Soutien d’Emmanuel Macron au texte du Sénat
En février, le Sénat avait adopté par 227 voix contre 110, le texte de Stéphane Demilly, un texte inspiré par la situation du maire d’Hautmont, Stéphane Wilmotte, qui encourait une peine d’inéligibilité et le versement de dommages et intérêts, pour avoir refusé en 2023 de marier un ancien président d’une mosquée fermée pour discours haineux et apologie du djihad armé, sous obligation de quitter le territoire.
Le texte avait toutefois été largement amendé par le rapporteur LR, Stéphane Le Rudulier pour pallier le risque d’inconstitutionnalité. Dans une décision de 2003, le Conseil constitutionnel avait, en effet, rappelé que le respect de la liberté du mariage, était une « composante de la liberté personnelle protégée par les articles 2 et 4 de la Déclaration de 1789 », et s’opposait donc « à ce que le caractère irrégulier du séjour d’un étranger fasse obstacle, par lui-même, au mariage de l’intéressé ».

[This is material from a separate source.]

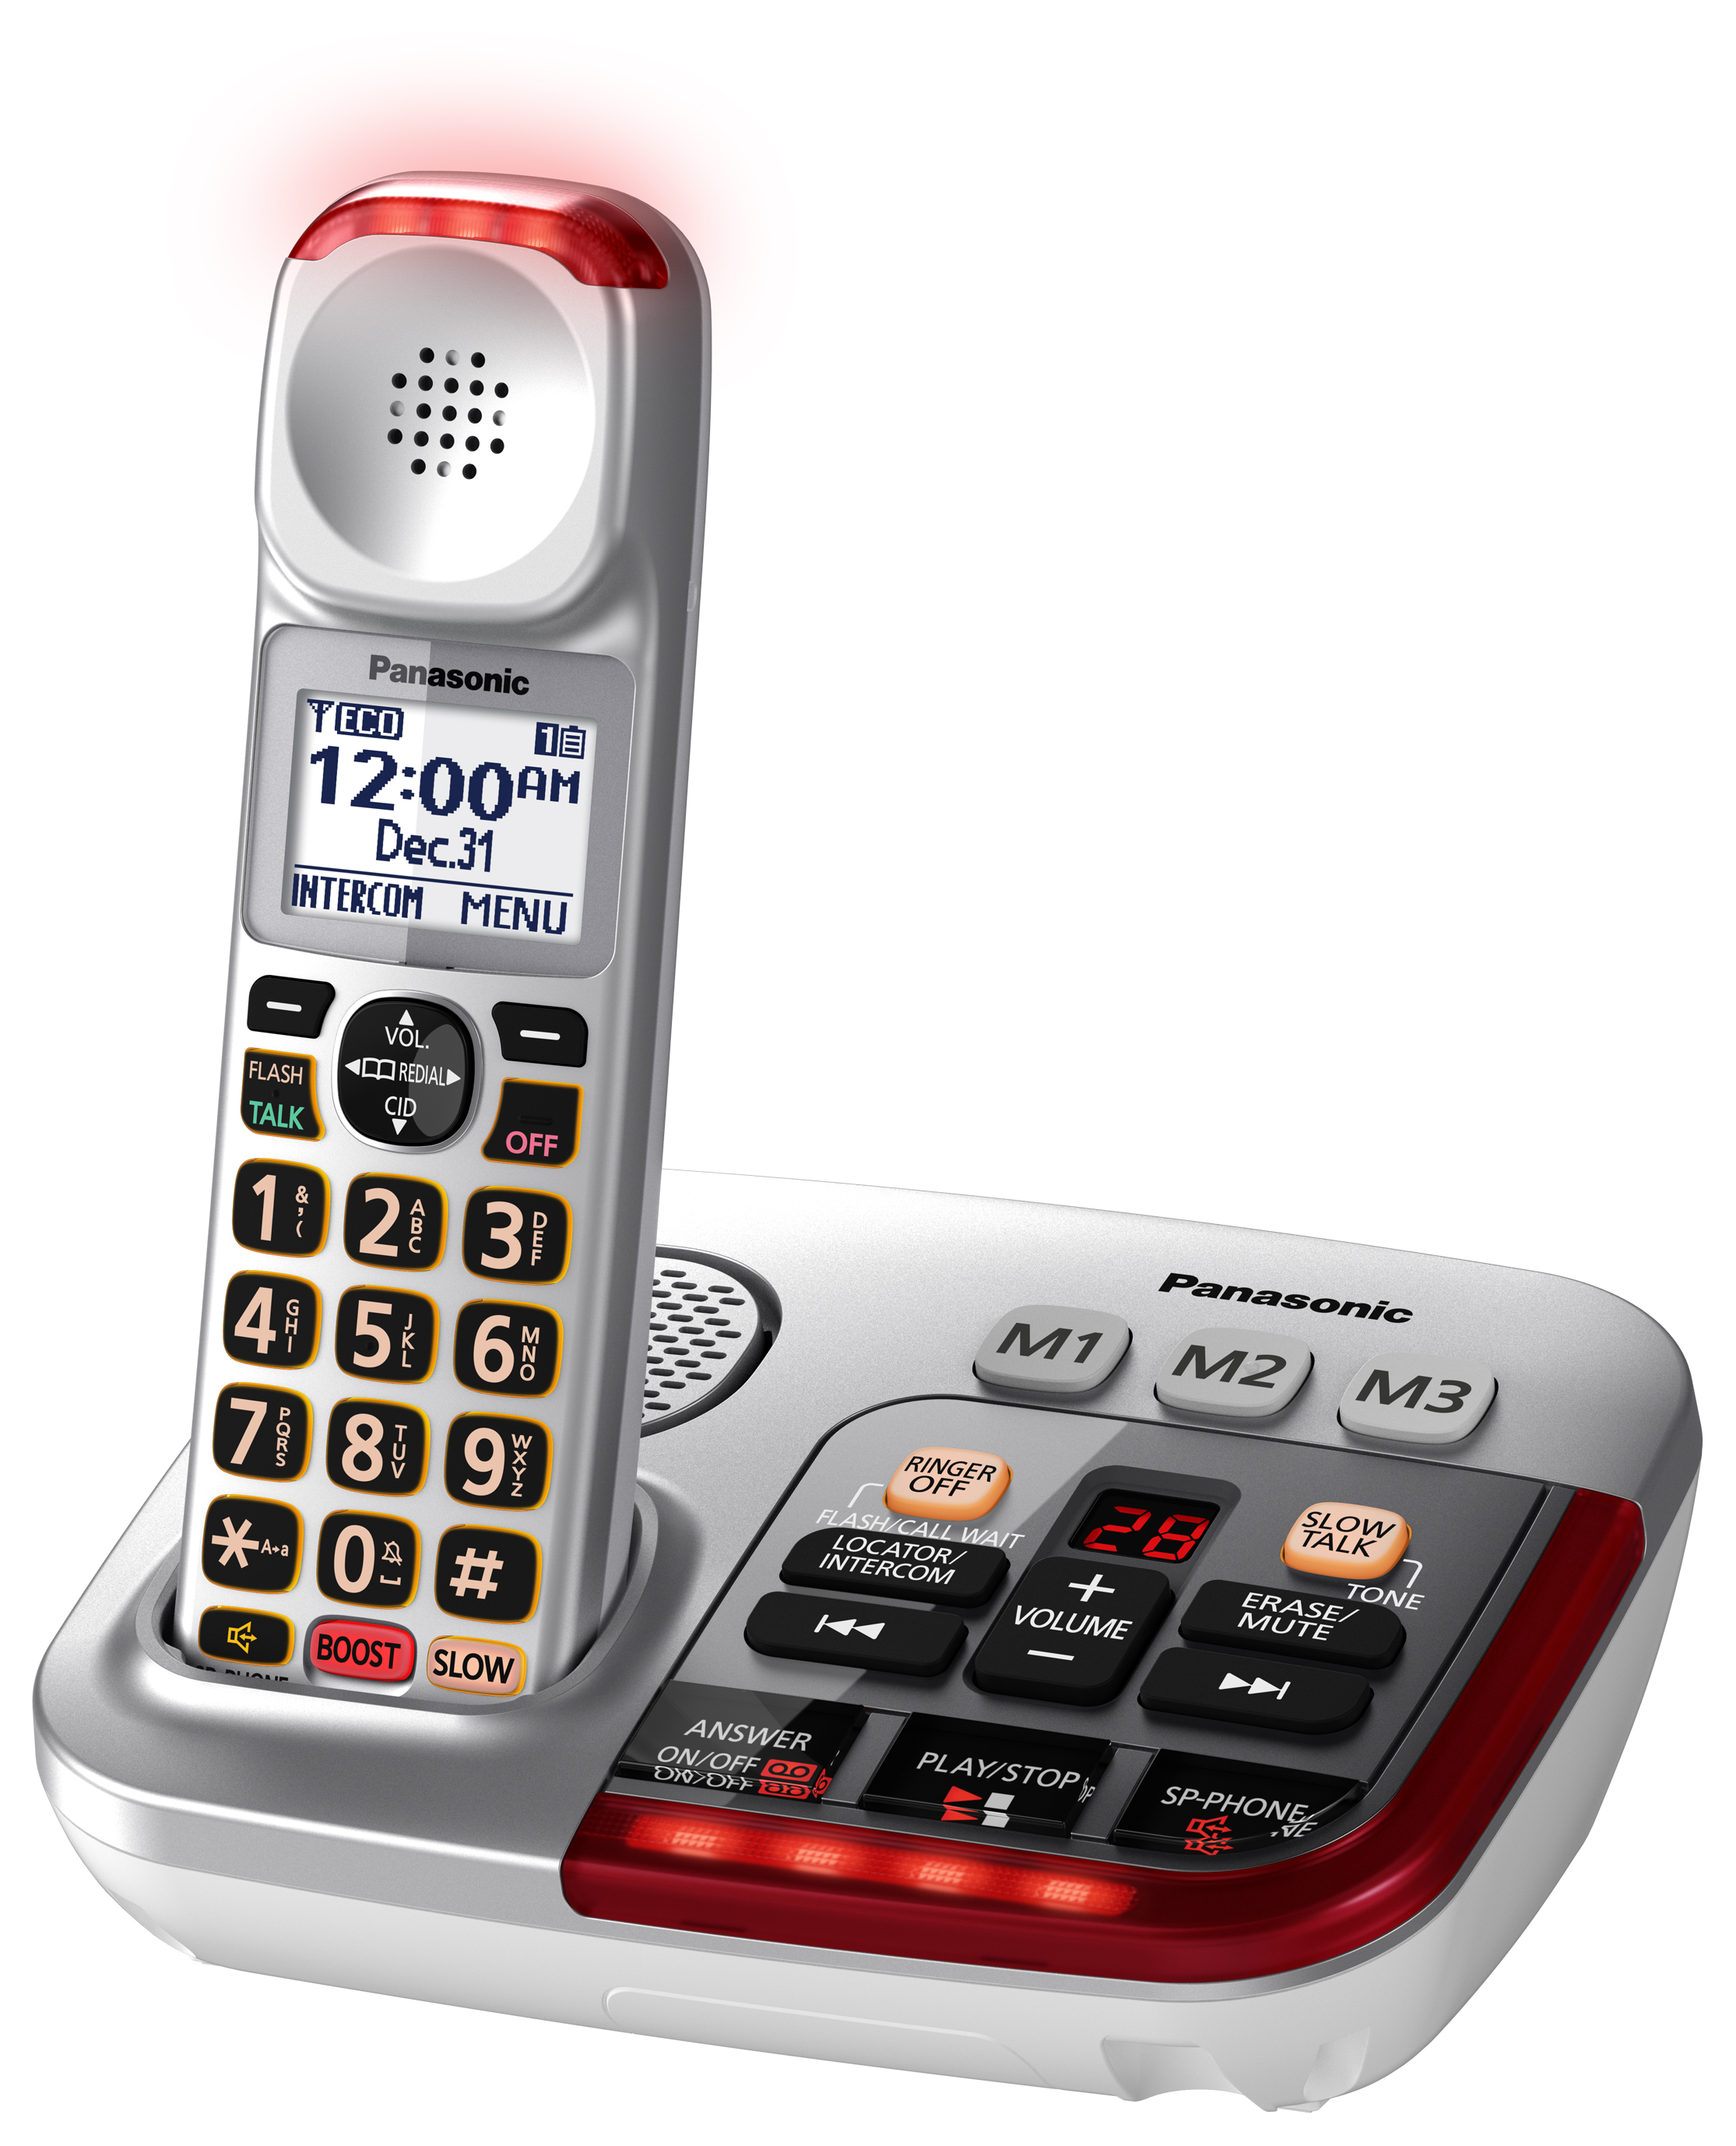 Panasonic's KX-TGM450S phone amplifies calls up to 50dB and has a loud ringer adjustable to 112dB. It also can slow down fast talkers in real time.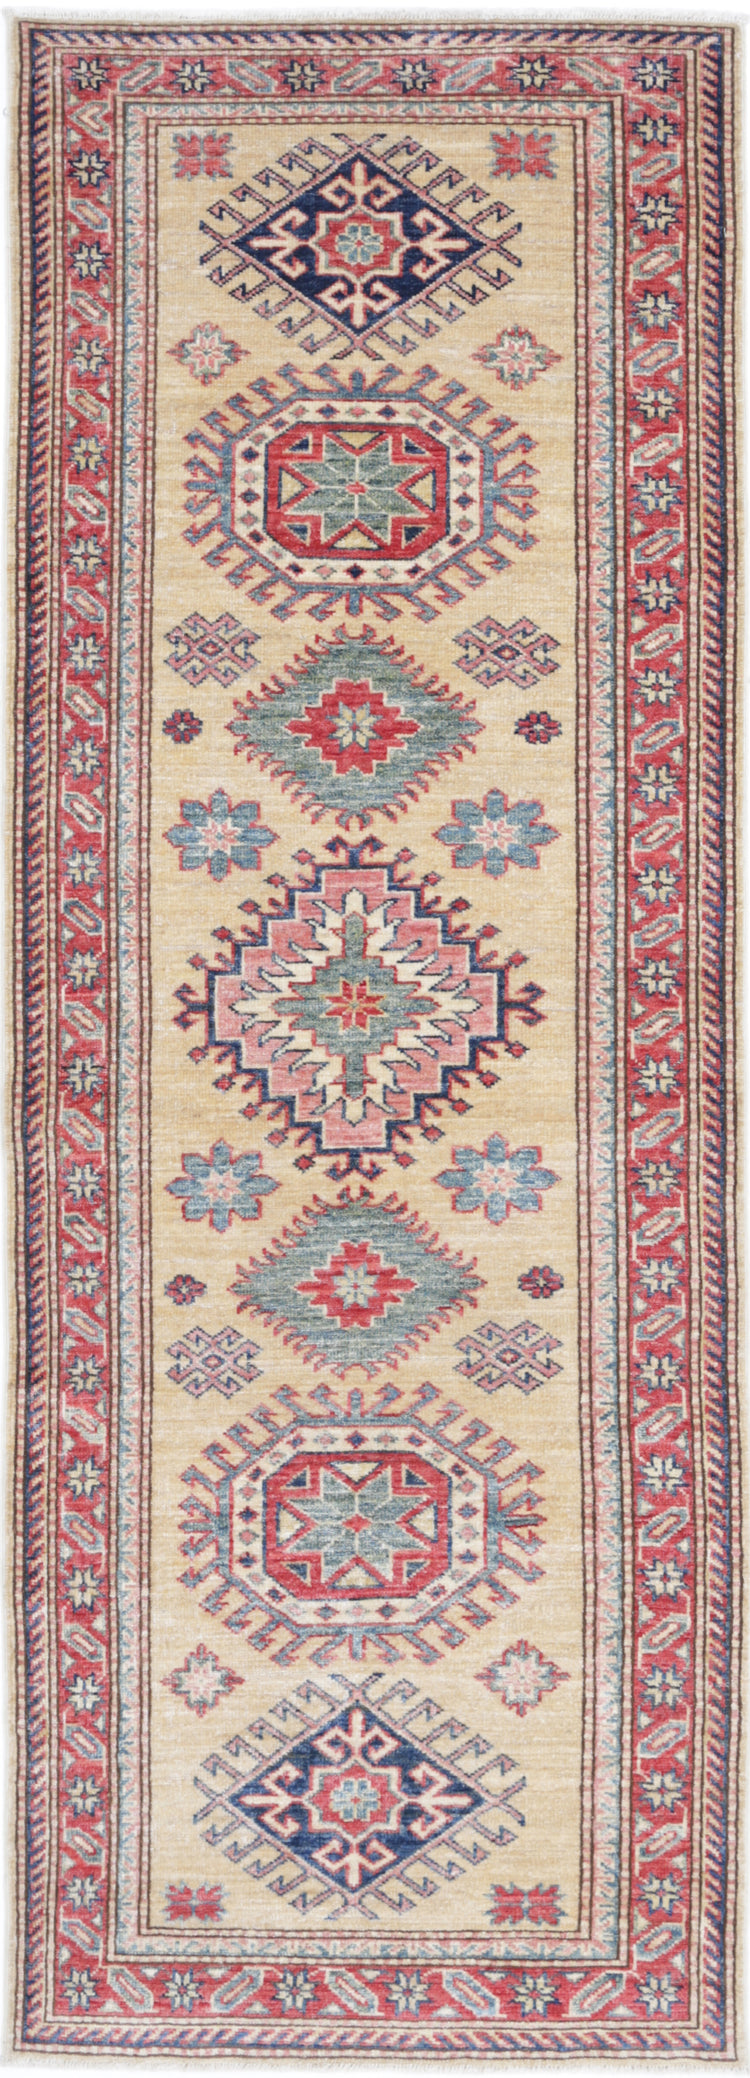 Tribal Hand Knotted Kazak Super Kazak Wool Rug of Size 2'4'' X 6'9'' in Gold and Red Colors - Made in Afghanistan

Le texte met donc en place une procédure qui oblige tout ressortissant étranger à fournir la preuve du caractère régulier de sa situation. L’intéressé devra présenter certaines pièces attestant de la validité de son séjour. Il allonge à deux mois, contre deux semaines actuellement, le délai dont dispose le procureur de la République pour investiguer en cas de doute quant à la véracité du consentement et le cas échéant s’opposer au mariage. L’absence de réponse de sa part vaudrait juridiquement refus, alors qu’actuellement, son silence à valeur d’acceptation, ce qui oblige le maire à procéder au mariage.
« De la communication politique à peu de frais »
A gauche, la sénatrice socialiste, Corinne Narassiguin rappelle que le mariage « est une liberté fondamentale garantie par le droit international et la cConvention européenne des droits de l’Homme ». « Il faut aussi rappeler que bon nombre de personnes voient leur titre de séjour ne pas être renouvelé. Ils se retrouvent en situation irrégulière à cause de l’incurie d’une administration débordée. A quelques mois des municipales, ces démissions permettent de faire de la communication politique à peu de frais », estime-t-elle.
« On se demande à quoi on sert »
Presque un an après l’adoption du texte, malgré l’appui du gouvernement et le soutien public d’Emmanuel Macron dans une émission spéciale au mois de mai, il n’est toujours pas inscrit à l’ordre du jour de l’Assemblée nationale.
« J’ai aussi eu le soutien de l’Association des maires de France. Un sondage (de l’institut CSA pour CNEWS, Europe 1 et le JDD) montrait que 73 % des Français étaient favorables à ma proposition de loi. Mais malgré ça, nous sommes toujours dans l’attente. Il y a de quoi être dégoûté de la situation. On se demande à quoi on sert », confie Stéphane Demilly.
Le sénateur de la Somme tient à préciser que ses intentions « ne sont pas teintées de xénophobie ». « Il ne s’agit pas de s’opposer à un mariage d’une personne qui a un titre de séjour, comme un visa travail par exemple, mais de faire respecter le droit ».
Sur Franceinfo, le ministre de l’Intérieur a néanmoins rappelé qu’un mariage n’empêchait pas les mesures d’éloignement. « Ce n’est pas parce qu’il va se marier avec quelqu’un qui est résidente en France qu’on ne peut pas le reconduire. Ce n’est pas un obstacle », a-t-il souligné.
Stéphane Demilly a d’ailleurs rendez-vous avec le cabinet du président de la République vendredi pour faire le point sur la suite de la procédure.